Closed dschaehi closed 4 years ago
Ok, so I'm a tad bit confused. According to http://web.mit.edu/zoya/www/linearRegression.pdf:
the MSE for the Linear Regression with regularization is:
$$ J(\theta) = \frac{1}{n} \sum_{i=1}{n} \frac{1}{2} [ y^{(i)} - \hat{\theta}^{(i)} \hat{x}^{(i)} ]^{2} + \frac{\lambda}{2} ||\theta||^{2}.$$ The $\frac{1}{n}$ is not distributed over the whole expression, so using: np.mean (0.5 * (y - y_pred)**2 + self.regularization(self.w))
does not really make sense to me from what I read.
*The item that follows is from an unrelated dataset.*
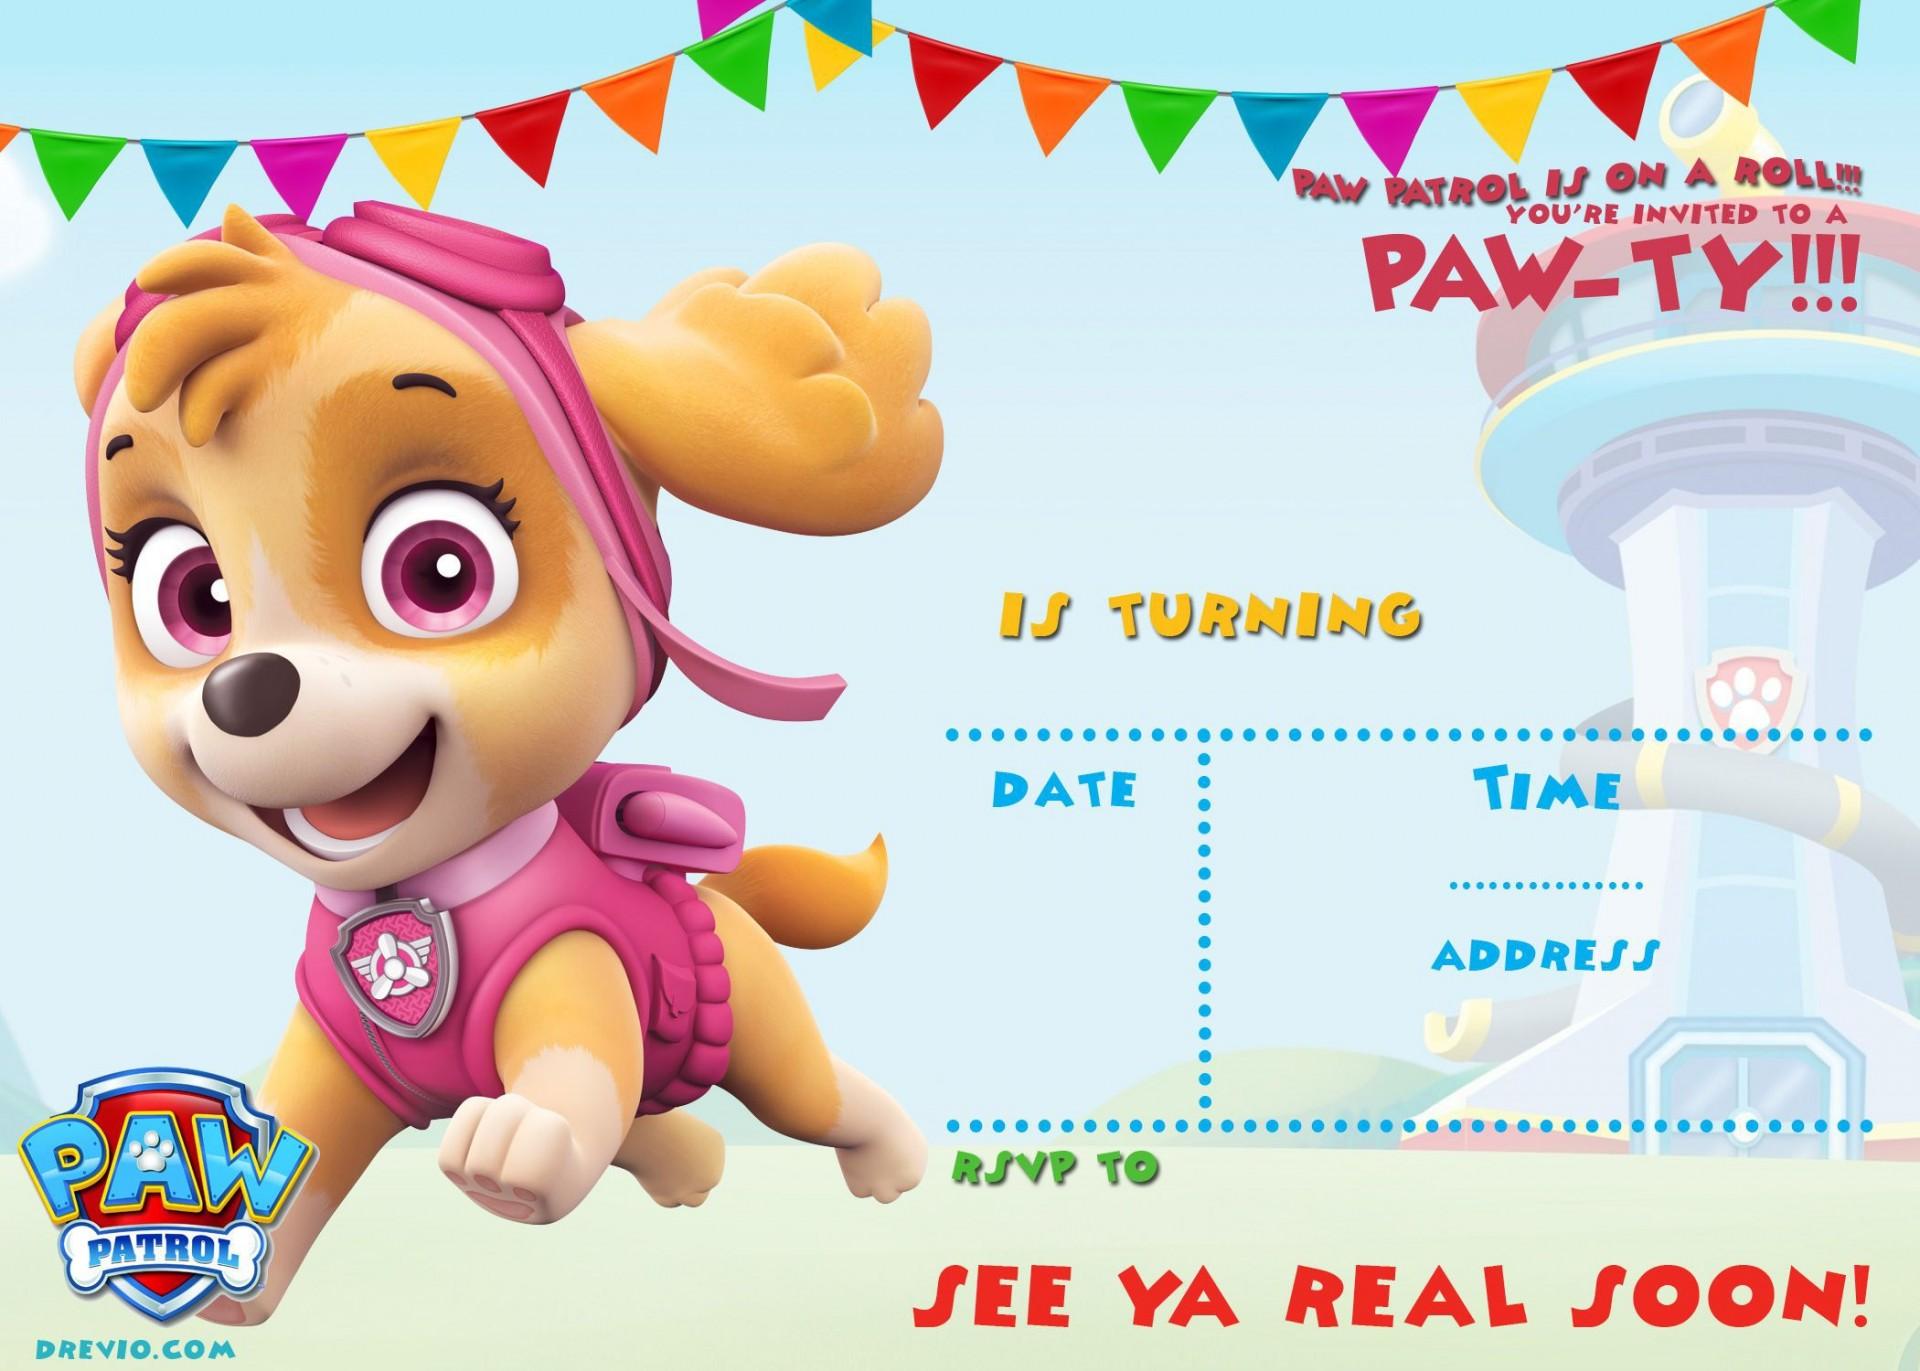 004 Singular Paw Patrol Birthday Invitation Template Highest Quality  Party Invite Wording Skye Free1920

I guess, he's using np.mean as a short-cut for summing over $n$ and then multiplying by $\frac{1}{n}$.
So here's an easy fix:
mse = np.mean (0.5 * (y - y_pred)**2) + self.regularization(self.w)
grad_w = np.mean(-(y - y_pred).dot(X)) + self.regularization.grad(self.w)
Food for thought: What's the difference in the computation time using np.mean instead of summing over all training examples and then multiplying by 1/(all the training samples)?
Since the gradient was built from MSE, it should be divided by the number of training examples. However, this number is omitted in the code. This makes the learning rate dependent on the number of training examples, because the more training examples you have, the bigger will be the gradient. The learning rate should not be dependent on the number of training examples.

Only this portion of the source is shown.